474 bytes added, 07:26, 6 May 2017
Different Impacts of the Black Death
The Black Death had substantially different impact on populations and exacerbated social change in many regions. In Western Europe, where populations were generally higher prior to the Black Death, the reduction of population made the remaining peasants and workers better able to negotiate higher wages. Revolts and rebellions occurred after the plague, but it uliatemly helped lead to major social changes.

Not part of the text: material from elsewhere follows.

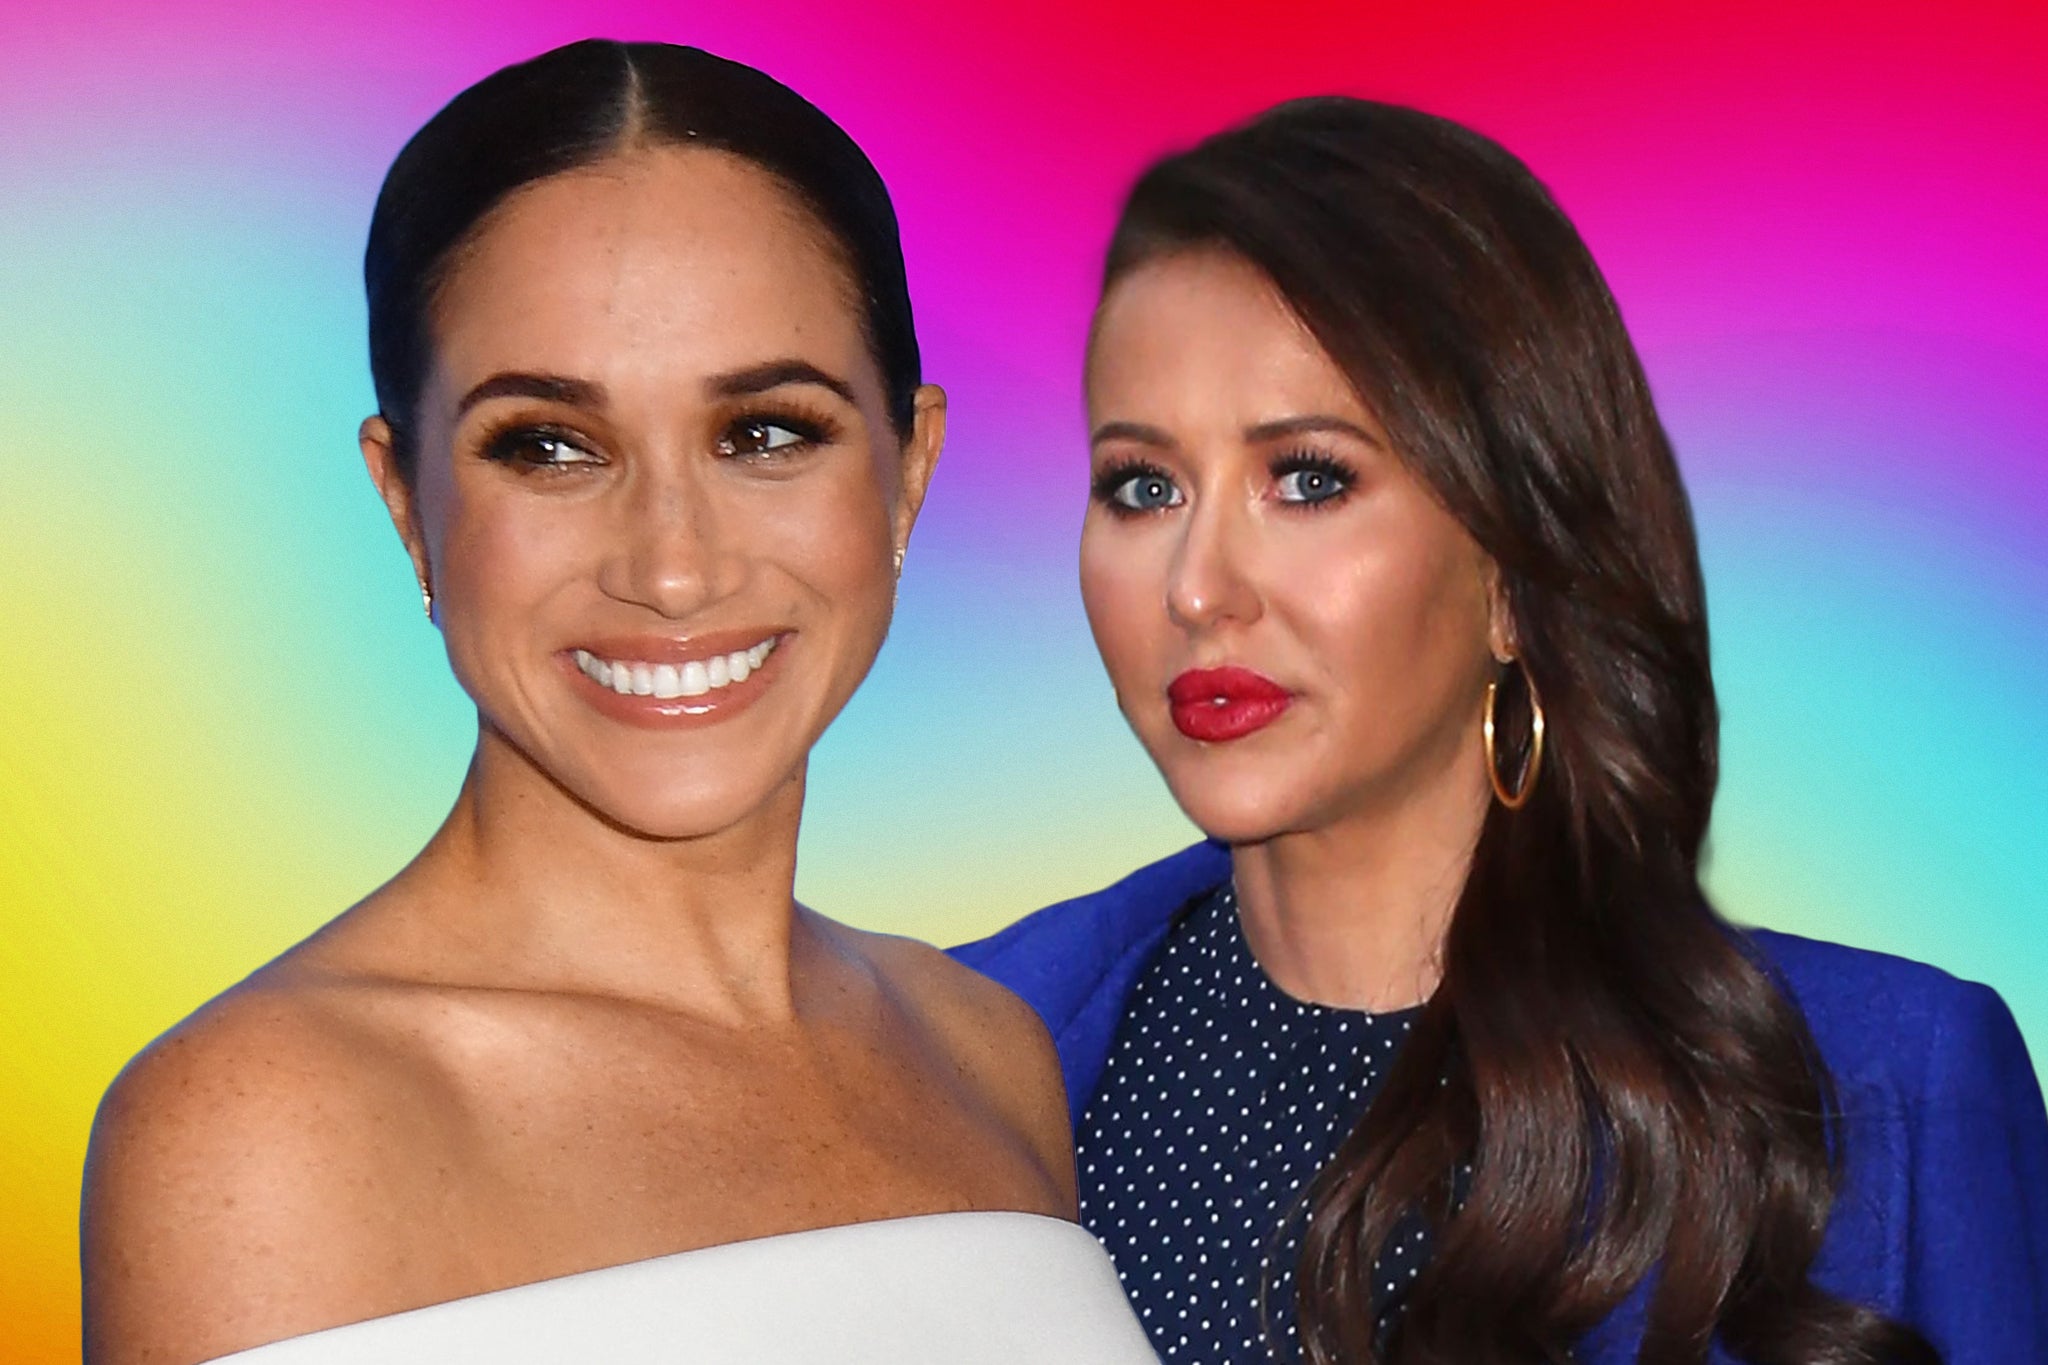 ‘There’s this absurd notion that friendships have to last forever’: Meghan Markle and Jessica Mulroney

It also led to the death of some of the nobility. Law changes to inheritance, allowing women in particular to inherit, led to gradual gender changes. Greater power to serfs as their wages went up also helped, in the long-term, to finally finish serfdom in Western Europe. In effect, the Black Death helped to liberate societies as more power was given to peasants and laborers.
In Eastern Europe, it had the opposite effect of strengthening serfdom. In this case, population densities were much lower, thus revolts that followed the Black Death were less common. Upper classes simply reinforced their power through laws that tied workers to land and limited their wages and power. Revolts by the peasants only became a major problem in the 16th through the 19th centuries, where only during the 1800s was serfdom finished removed in Eastern Europe. While two different types of European economic and political systems began to emerge after the Black Death, in the Middle East a different outcome occurred. First, cities that were very populated, such as Cairo and Mosul, diminished greatly in population, leading to a de-urbanization in the Near East that took a long time to recover from. In fact, it was not until the 20th century that some cities and regions in the Middle East reached their Medieval population levels.